Performance Tuning¶
This guide covers tuning parameters for both DDI Codebook and DDI-L FragmentInstance ingestion.
Quick Reference¶
| Parameter | Default | DDI Codebook | DDI-L FragmentInstance |
|---|---|---|---|
chunk_size |
200 | Records per batch | Fragments per batch |
queue_maxsize |
2 | Batches buffered | N/A (sync parsing) |
writer_concurrency |
4 | Parallel writers | N/A (sequential batches) |
write_retry_attempts |
3 | Retry count | Retry count |
Batch Size (DDIGRAPH_CHUNK_SIZE)¶
Controls how many records/fragments are grouped before writing to Neo4j.
DDI Codebook¶
Larger batches reduce transaction overhead but increase per-transaction latency.

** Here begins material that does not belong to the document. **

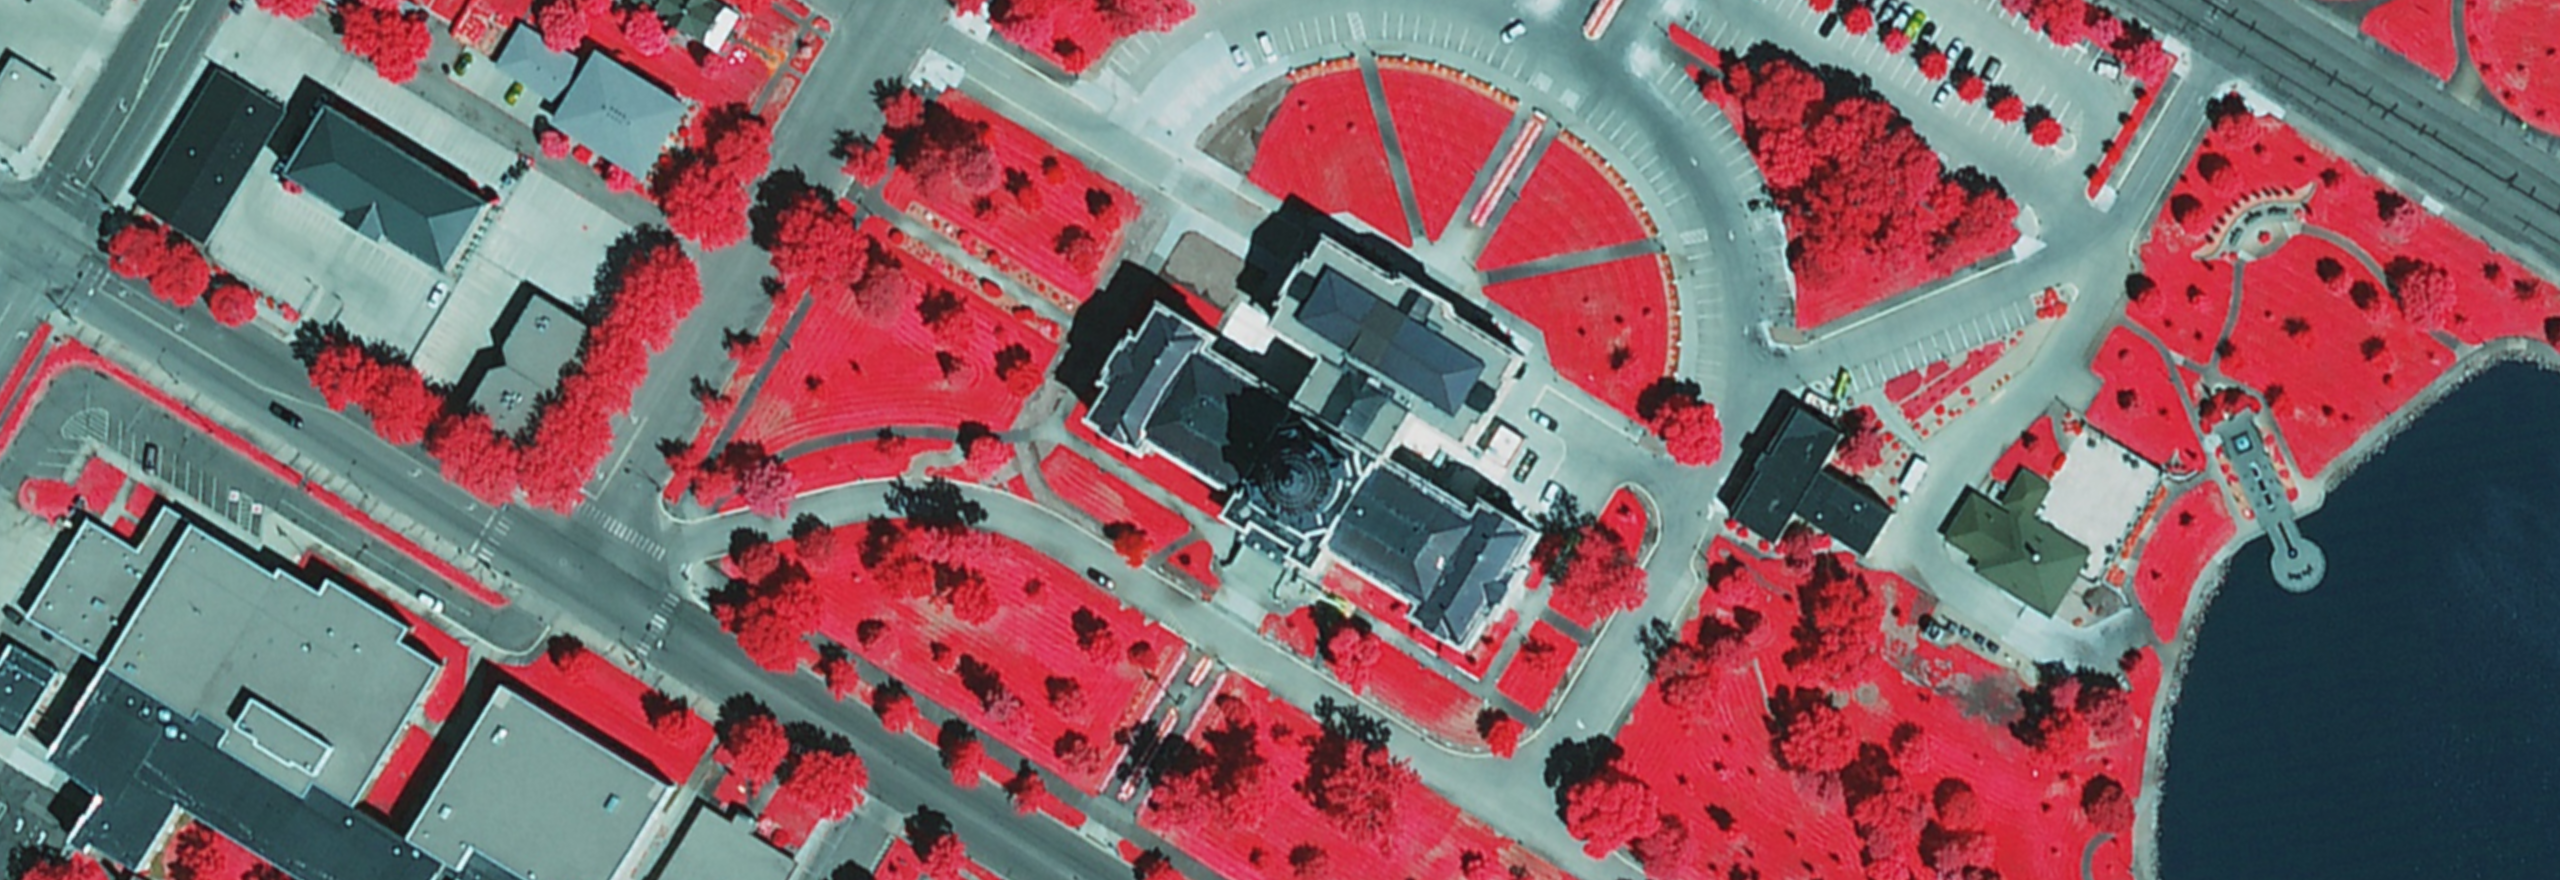 Colour-infrared high-resolution aerial ortho imagery of government building

The threshold counts all parsed record types together (variables, questions, categories, etc.):
# Larger batches for high-throughput ingestion
export DDIGRAPH_CHUNK_SIZE=1000
# Smaller batches for memory-constrained environments
export DDIGRAPH_CHUNK_SIZE=100
For codebooks with mixed metadata and variables, 500-1000 combined records keeps writes efficient.
DDI-L FragmentInstance¶
Fragments are batched by element type before UNWIND writes:
# For large FragmentInstance files (>5000 fragments)
ddigraph load questionnaire.xml --chunk-size 500
# For smaller files or debugging
ddigraph load questionnaire.xml --chunk-size 50
Recommendation: Start with 200-300 for FragmentInstance files and adjust based on memory and write latency.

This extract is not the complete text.